- _SUPPLIED DATA_:
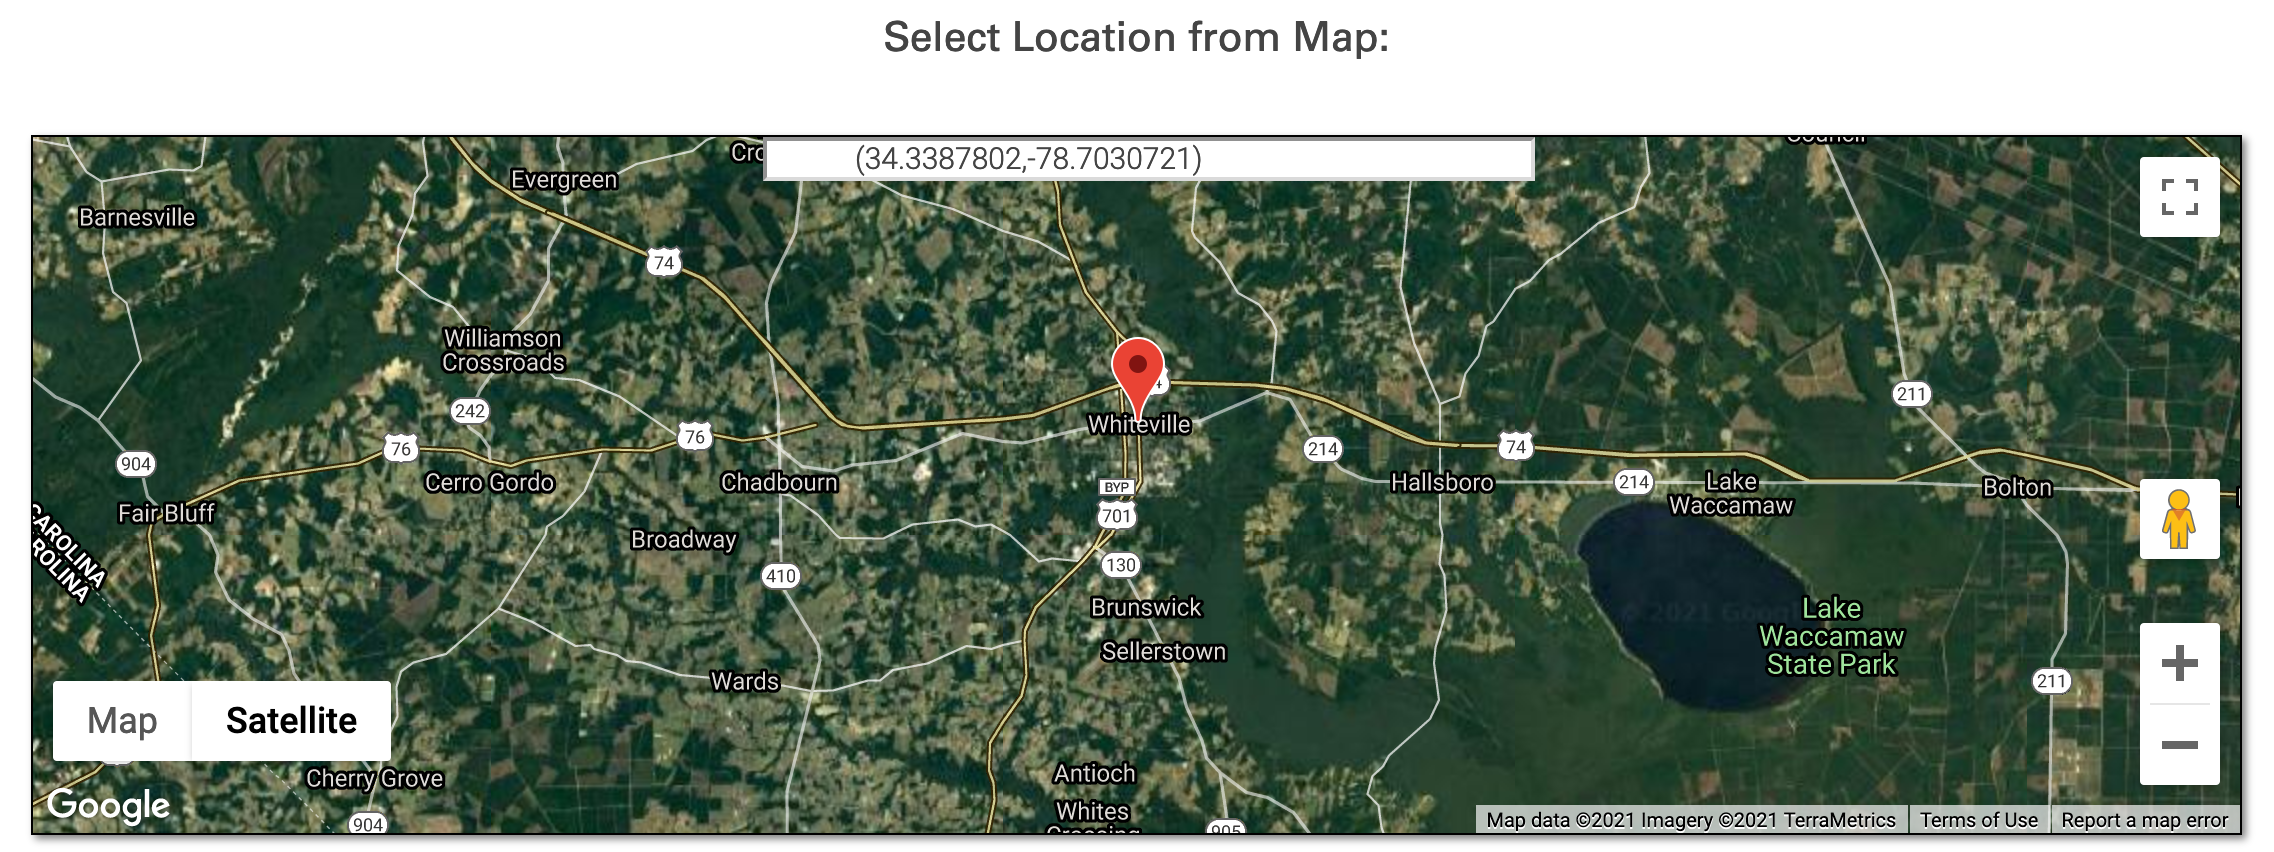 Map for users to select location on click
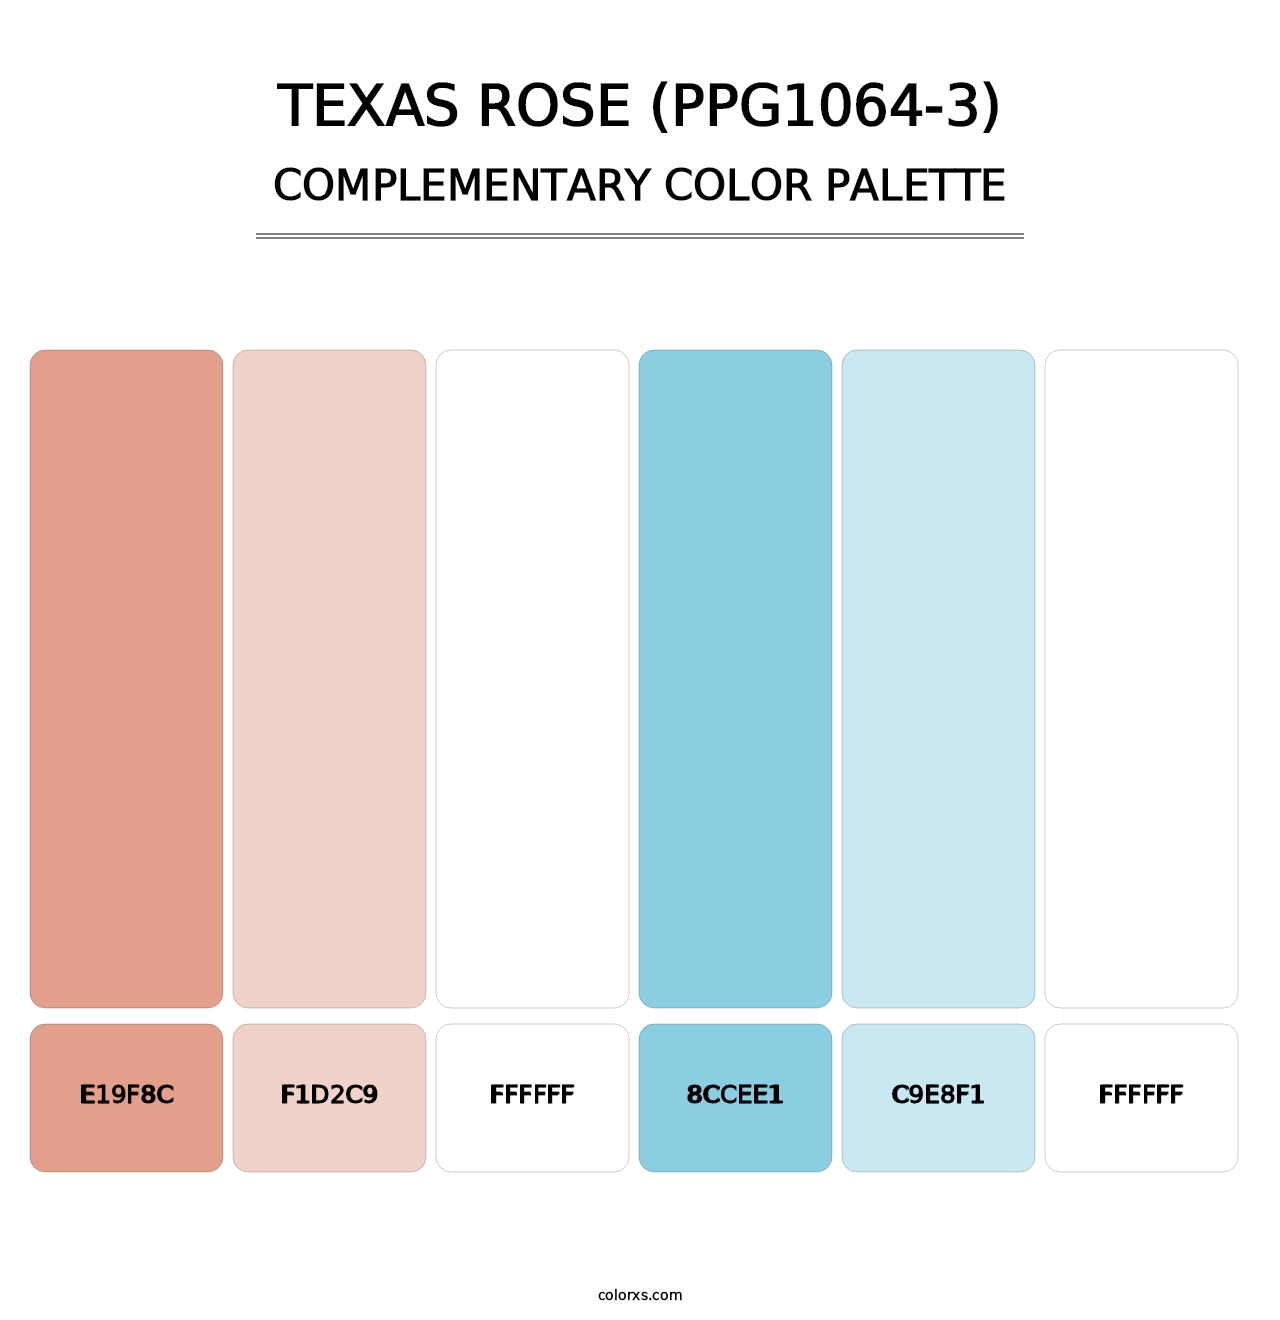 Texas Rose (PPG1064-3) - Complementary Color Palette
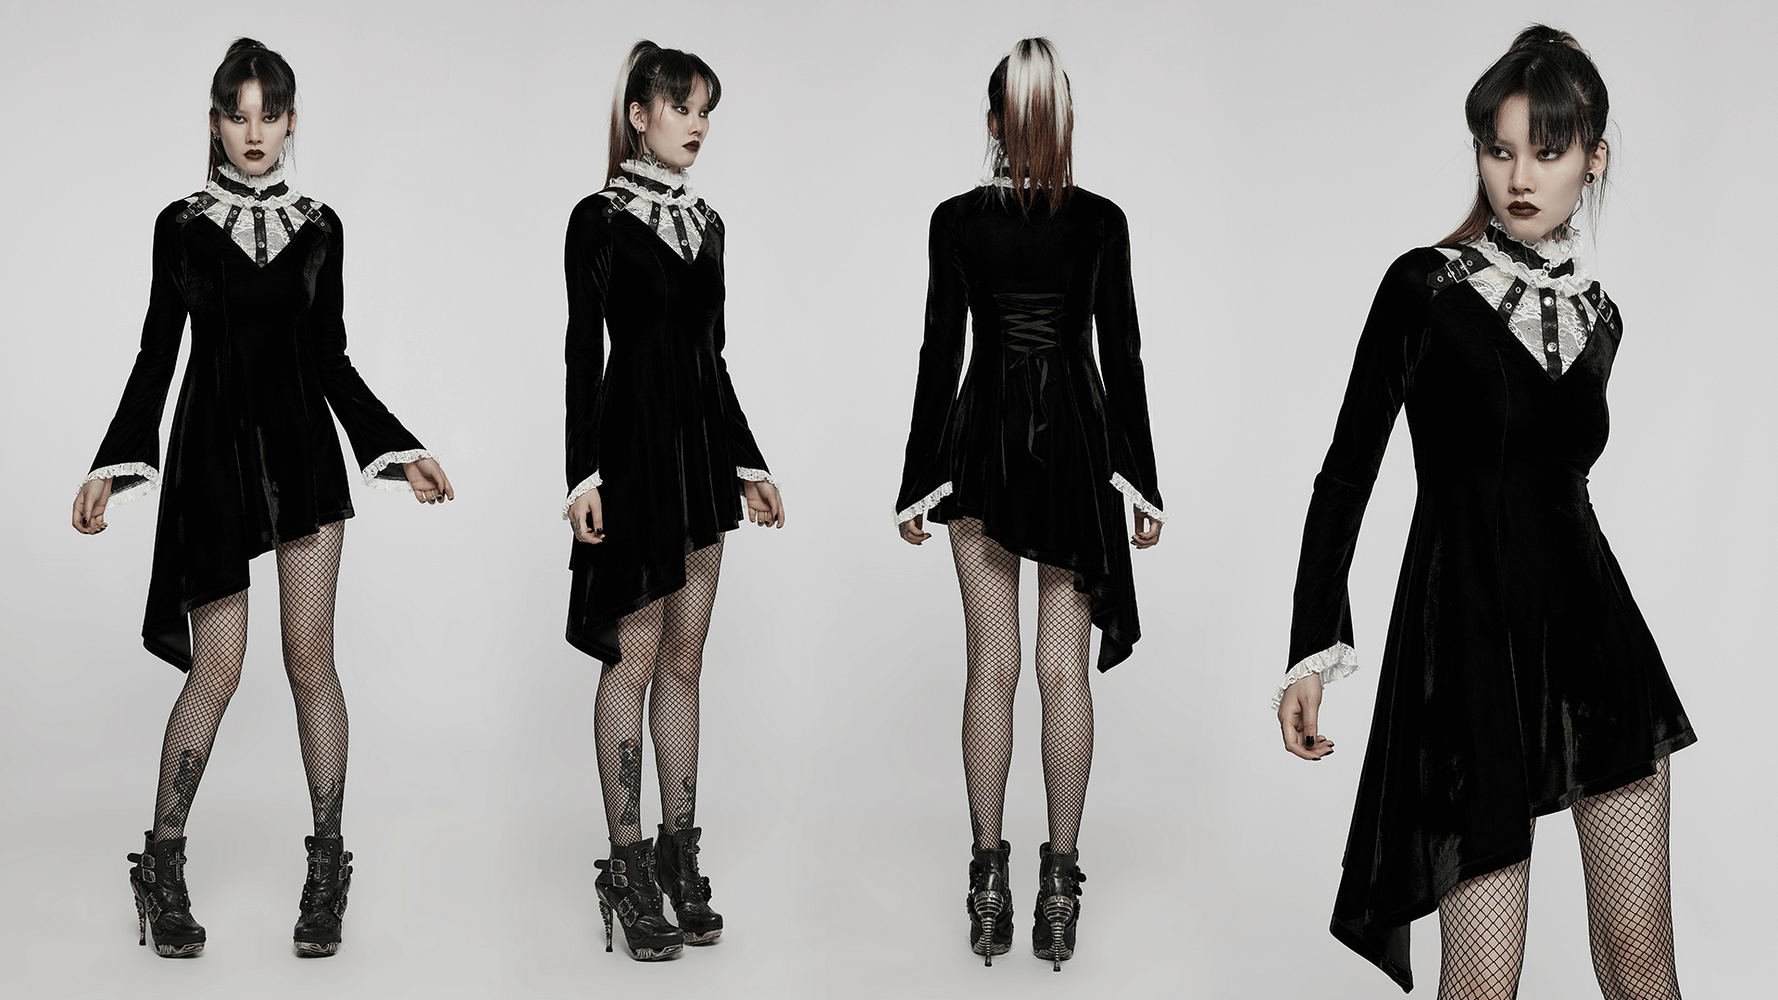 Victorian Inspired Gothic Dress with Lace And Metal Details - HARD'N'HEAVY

- _TO DO_:
To complete this exercise, repeat exactly the lines above from the one holding "Texas Rose (PPG1064-3)" to the end of the listing, both included, and leave the pictures out.

- _EXERCISE ANSWER_:
 Texas Rose (PPG1064-3) - Complementary Color Palette
 Victorian Inspired Gothic Dress with Lace And Metal Details - HARD'N'HEAVY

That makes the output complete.